* [PROMPT]: Reproduce, from the lines below, exactly the stretch that begins at the line containing "large group of" and ends at the line containing "As the early", both included.

* [INPUT DATA]:
┌──
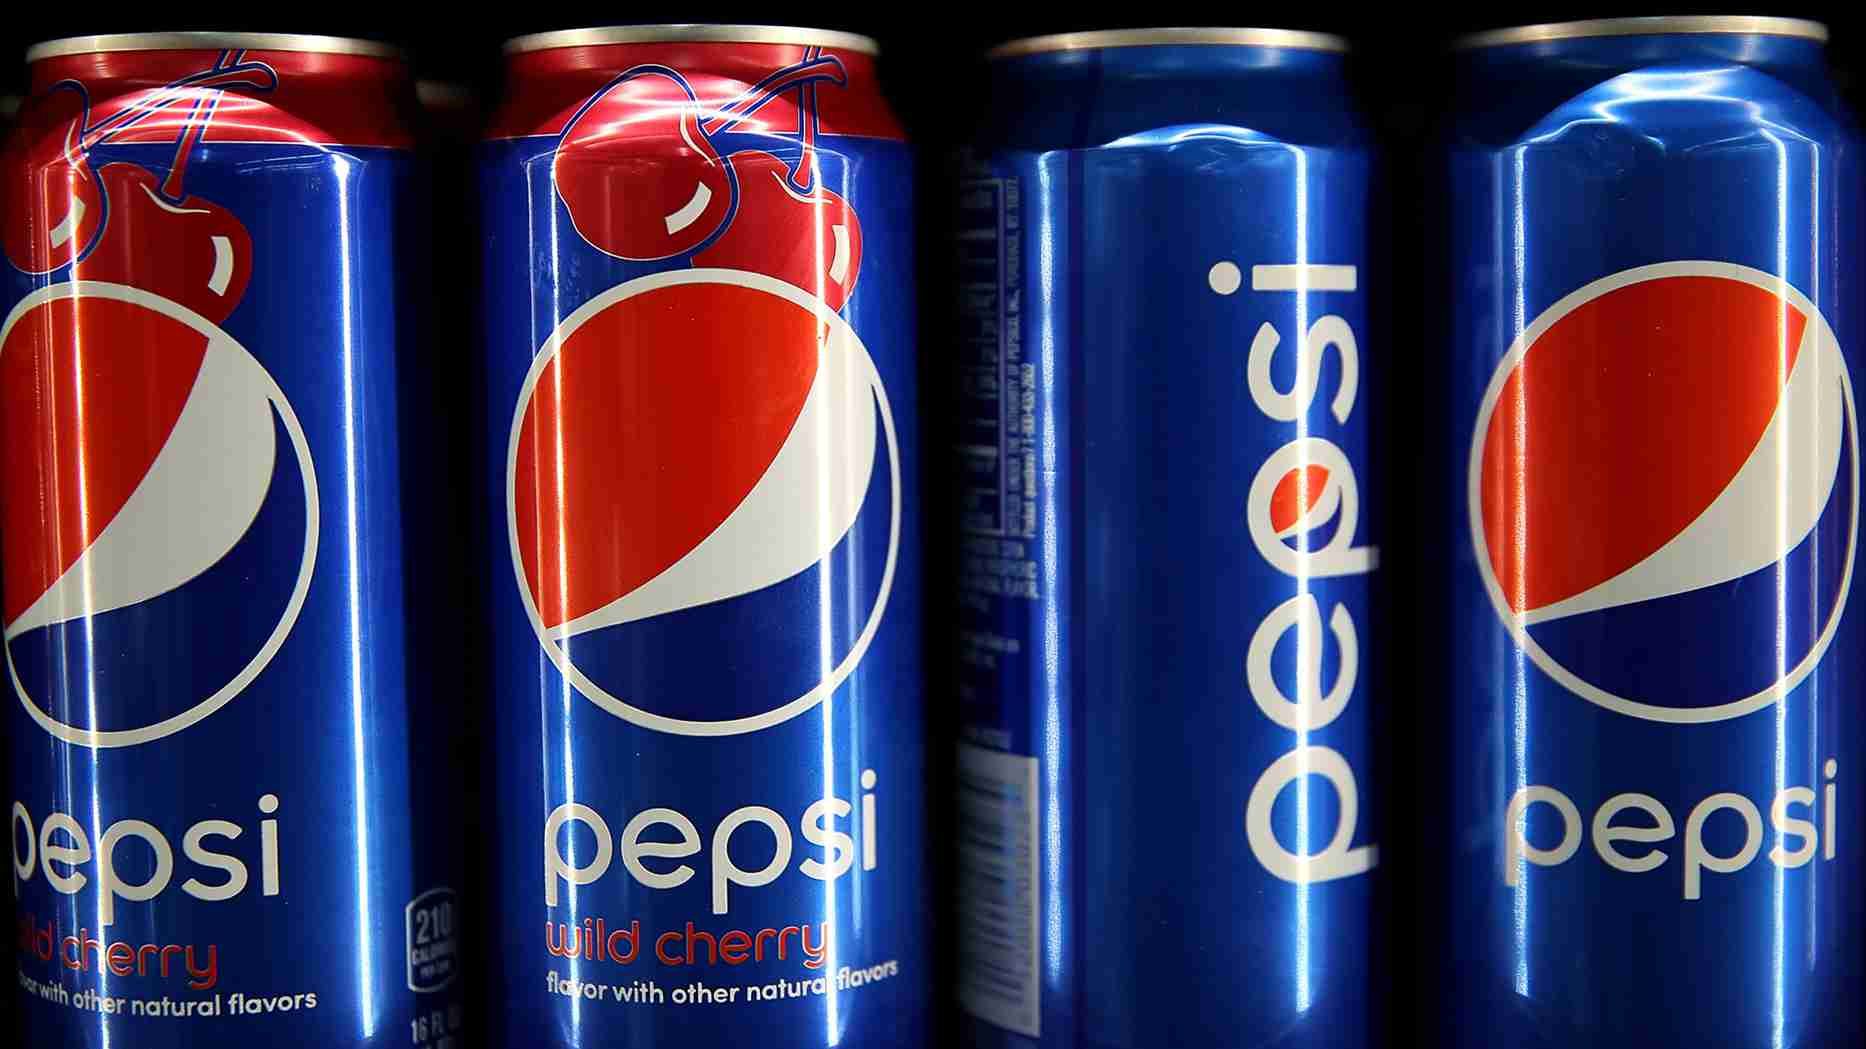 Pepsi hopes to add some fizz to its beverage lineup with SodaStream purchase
└──
┌──
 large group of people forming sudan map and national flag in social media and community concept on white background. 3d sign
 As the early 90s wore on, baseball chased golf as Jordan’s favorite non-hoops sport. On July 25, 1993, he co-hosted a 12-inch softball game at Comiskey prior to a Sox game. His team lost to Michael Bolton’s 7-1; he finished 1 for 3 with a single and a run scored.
└──
┌──
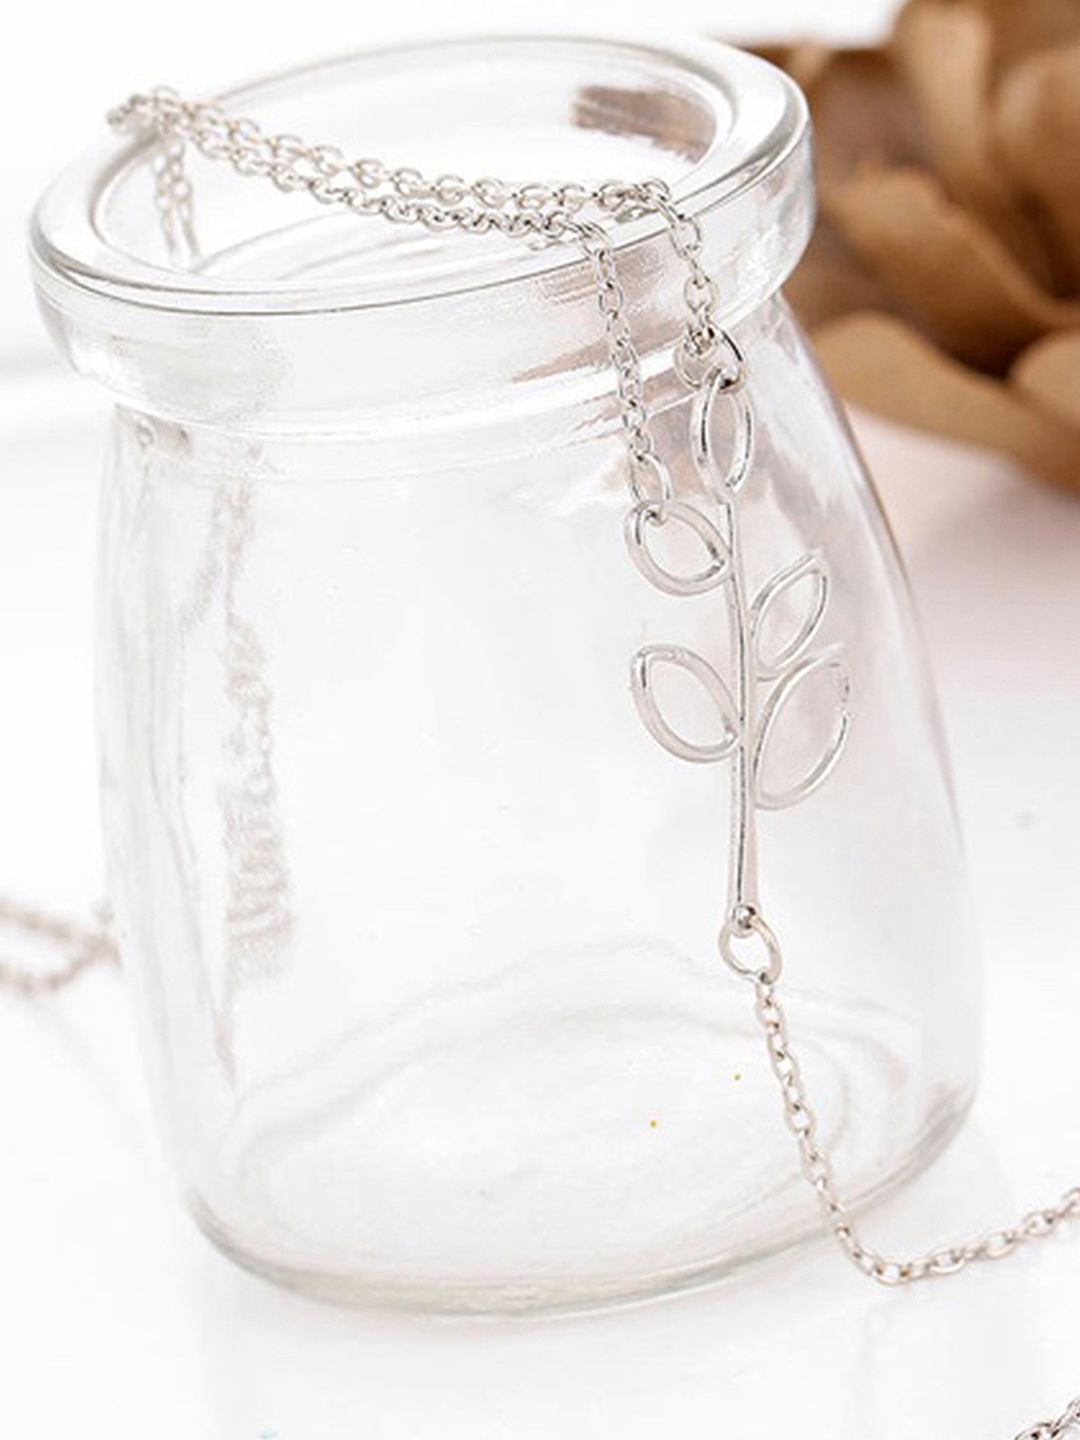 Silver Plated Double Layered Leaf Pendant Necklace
└──
* [SOLUTION TO THIS PROBLEM]:
 large group of people forming sudan map and national flag in social media and community concept on white background. 3d sign
 As the early 90s wore on, baseball chased golf as Jordan’s favorite non-hoops sport. On July 25, 1993, he co-hosted a 12-inch softball game at Comiskey prior to a Sox game. His team lost to Michael Bolton’s 7-1; he finished 1 for 3 with a single and a run scored.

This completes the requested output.